» **Exercise**: A faithful copy is required: transcribe each line below exactly, minus the pictures.
══ Information provided
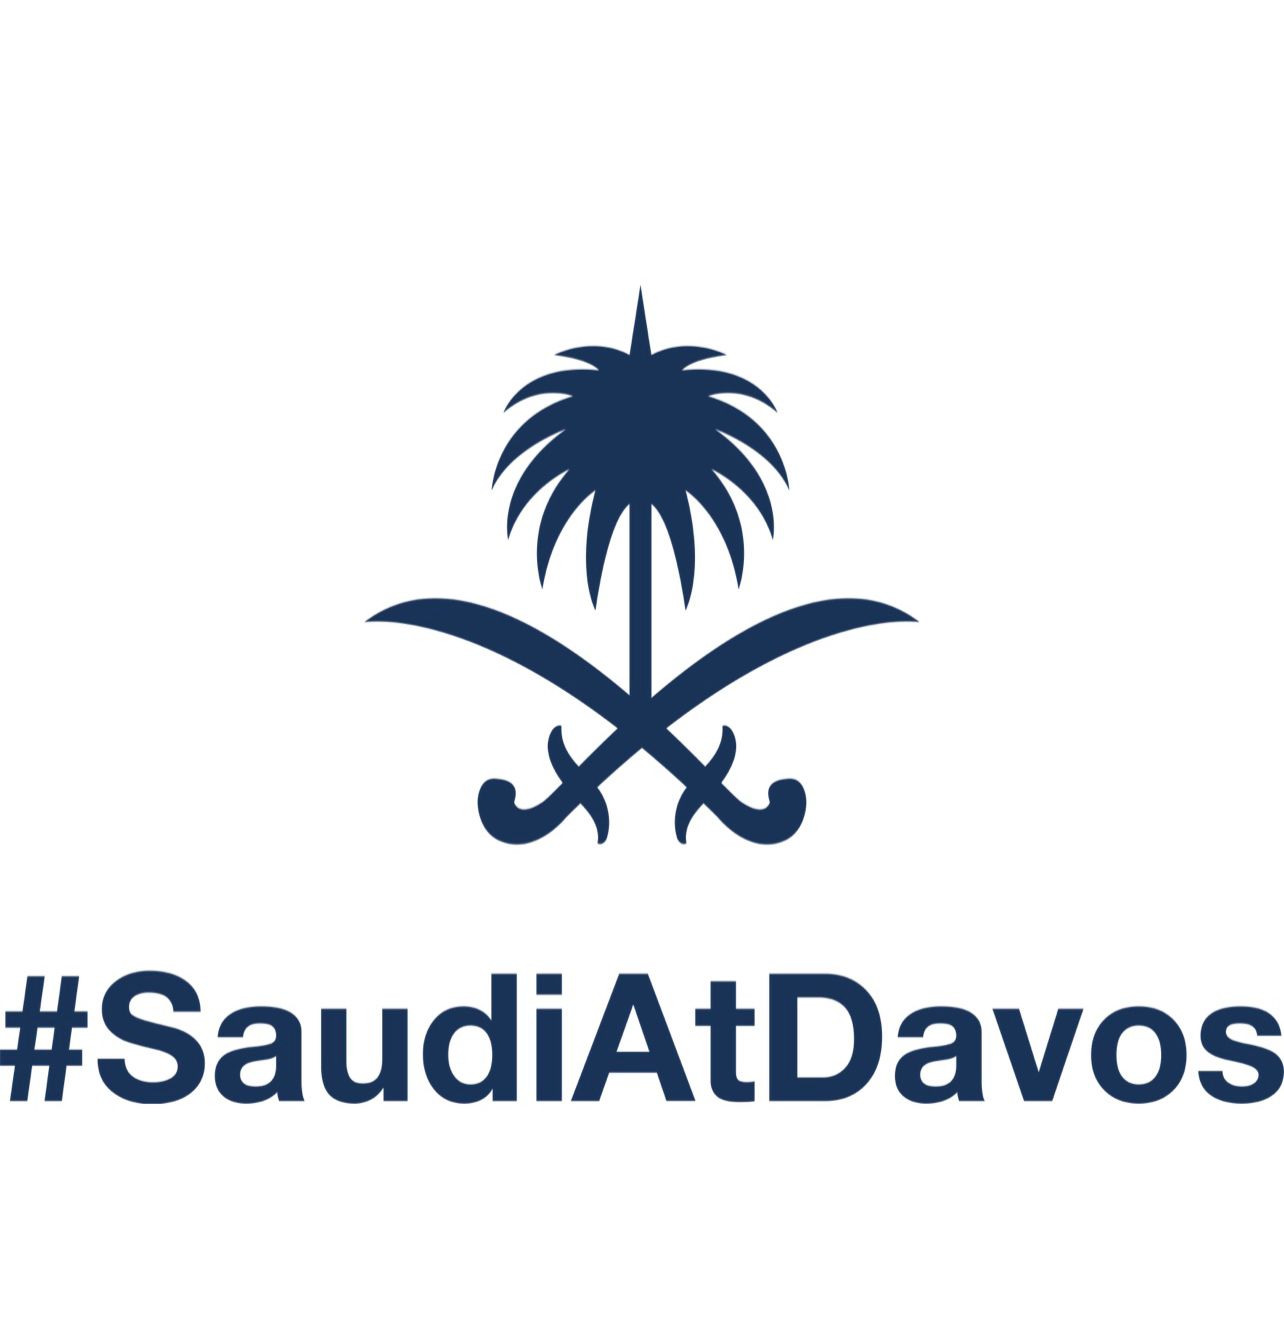 السعودية تؤكد على بناء جسور التفاهم العالمية وتعزيز العمل على التحوّل في مجال الطاقة والنمو الاقتصادي الشامل
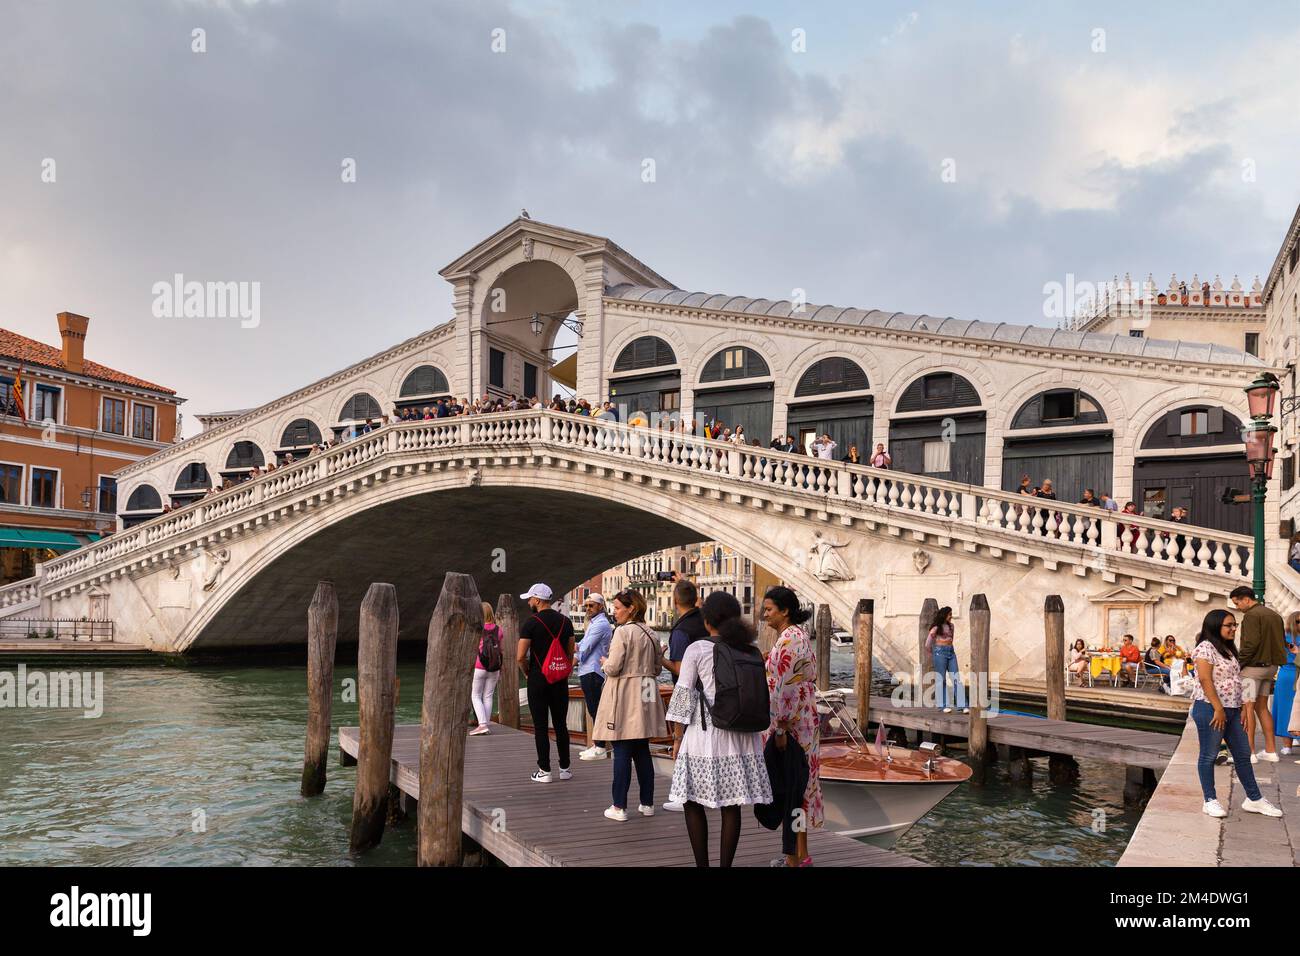 La vista sul Ponte di Rialto sul Canal Grande a Venezia. I turisti soggiornano sul Ponte di Rialto e guardano le gondole e le barche sul Canal Grande. Foto Stock
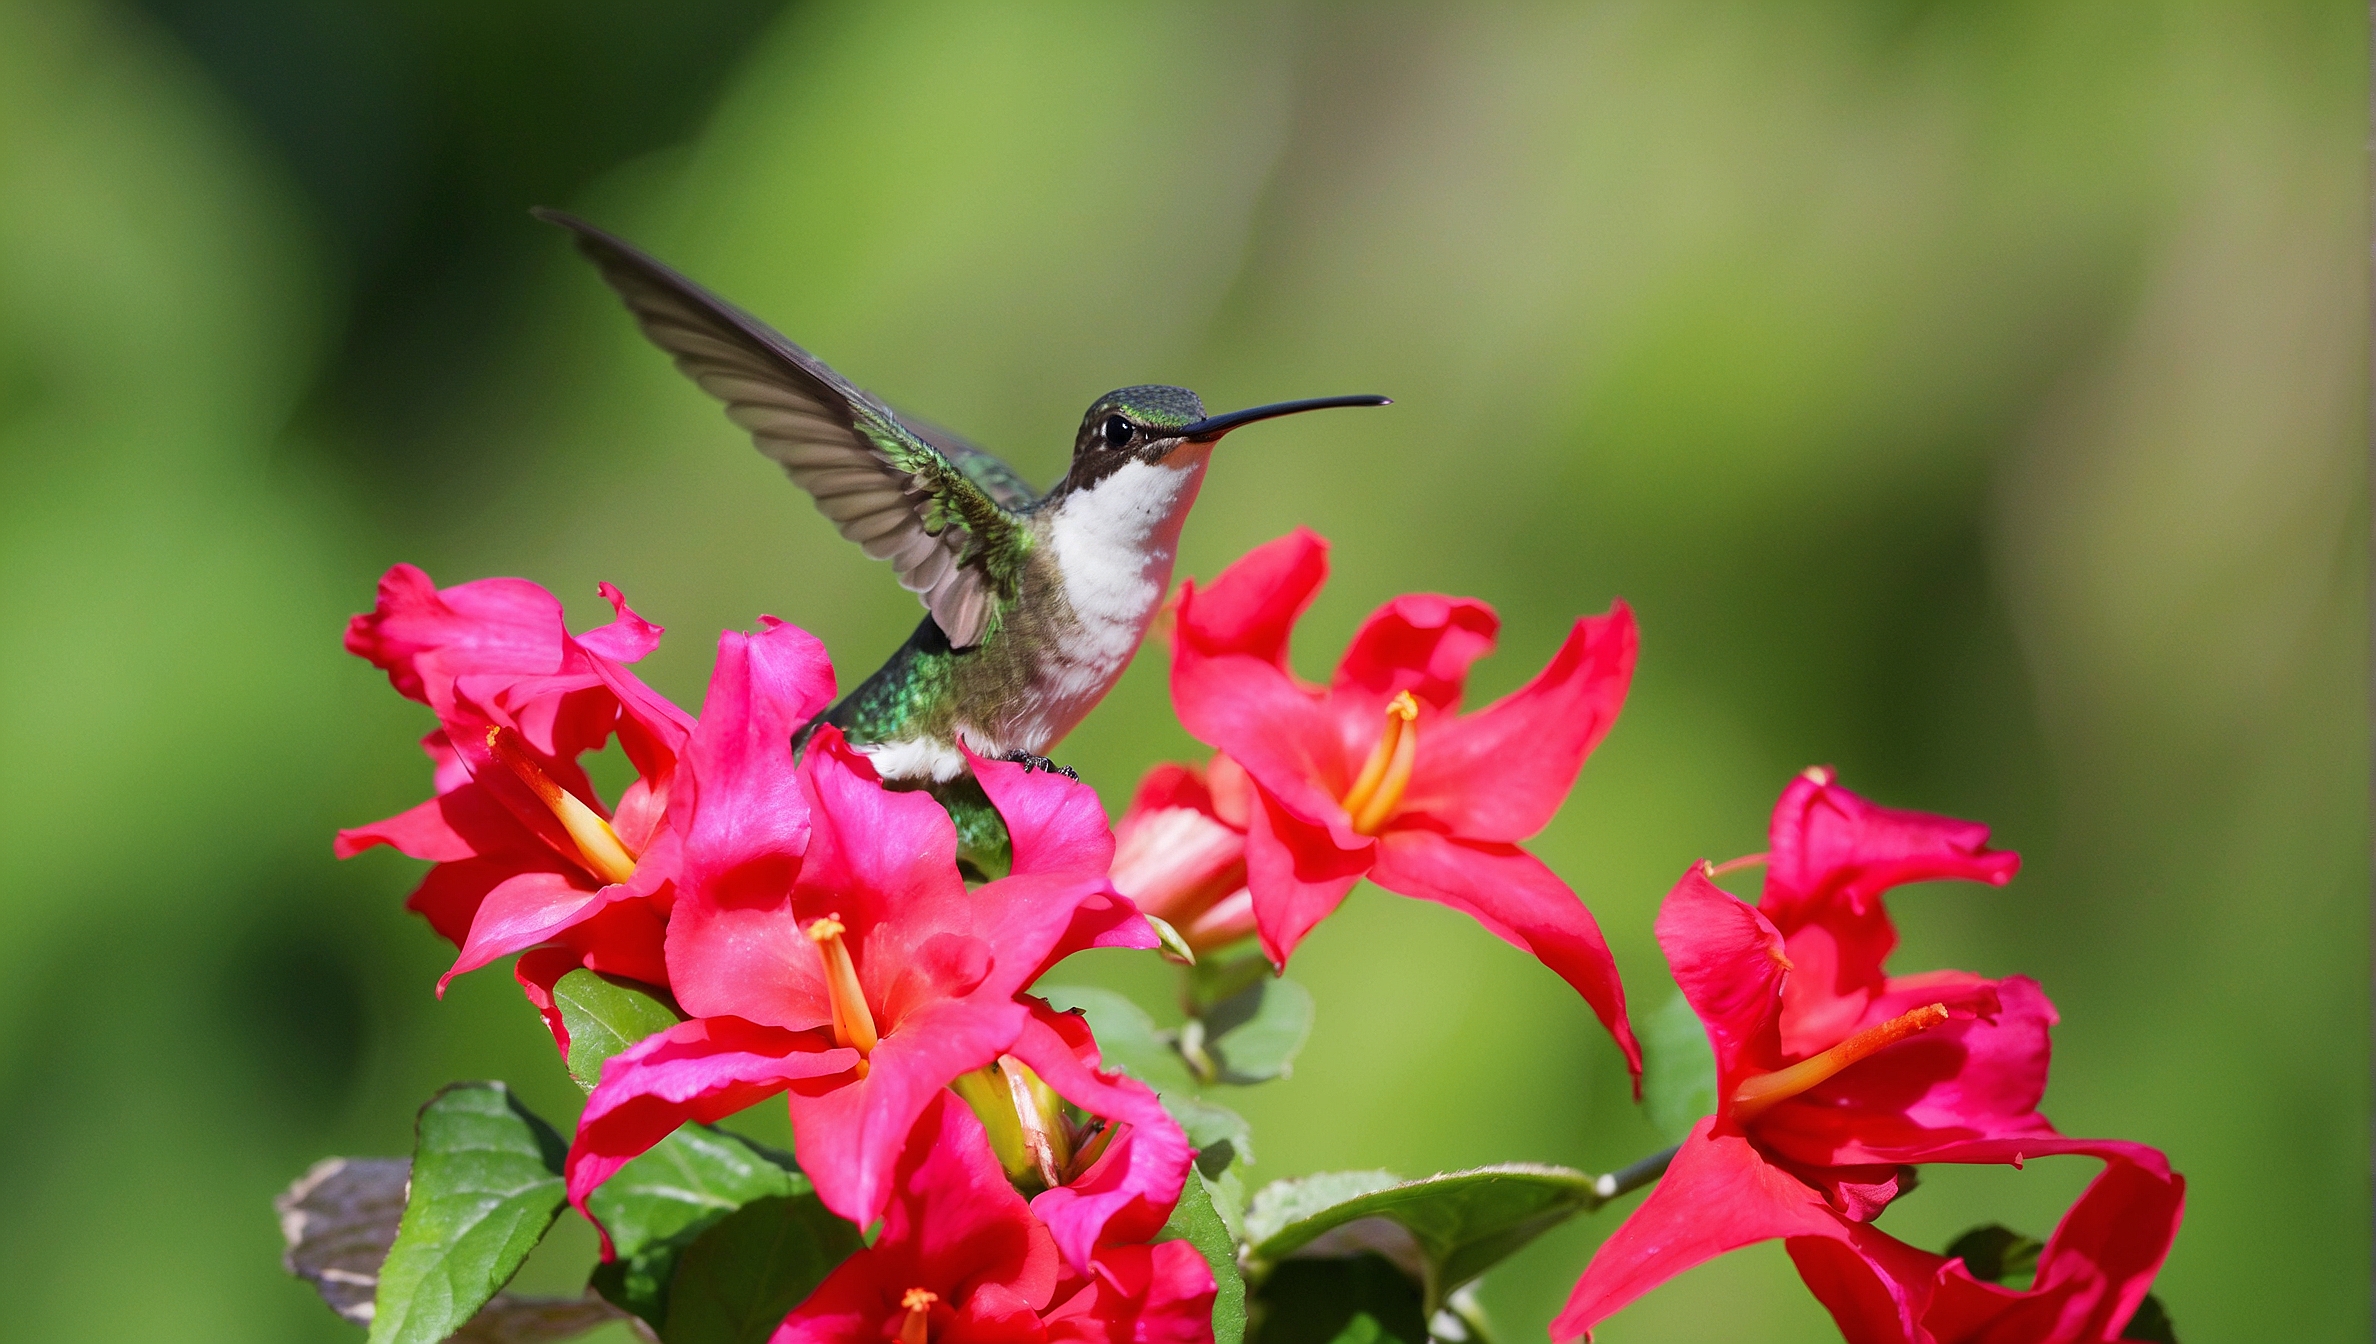 Do Hummingbirds Have Any Predators?
════
» **Task answer**:
 السعودية تؤكد على بناء جسور التفاهم العالمية وتعزيز العمل على التحوّل في مجال الطاقة والنمو الاقتصادي الشامل
 La vista sul Ponte di Rialto sul Canal Grande a Venezia. I turisti soggiornano sul Ponte di Rialto e guardano le gondole e le barche sul Canal Grande. Foto Stock
 Do Hummingbirds Have Any Predators?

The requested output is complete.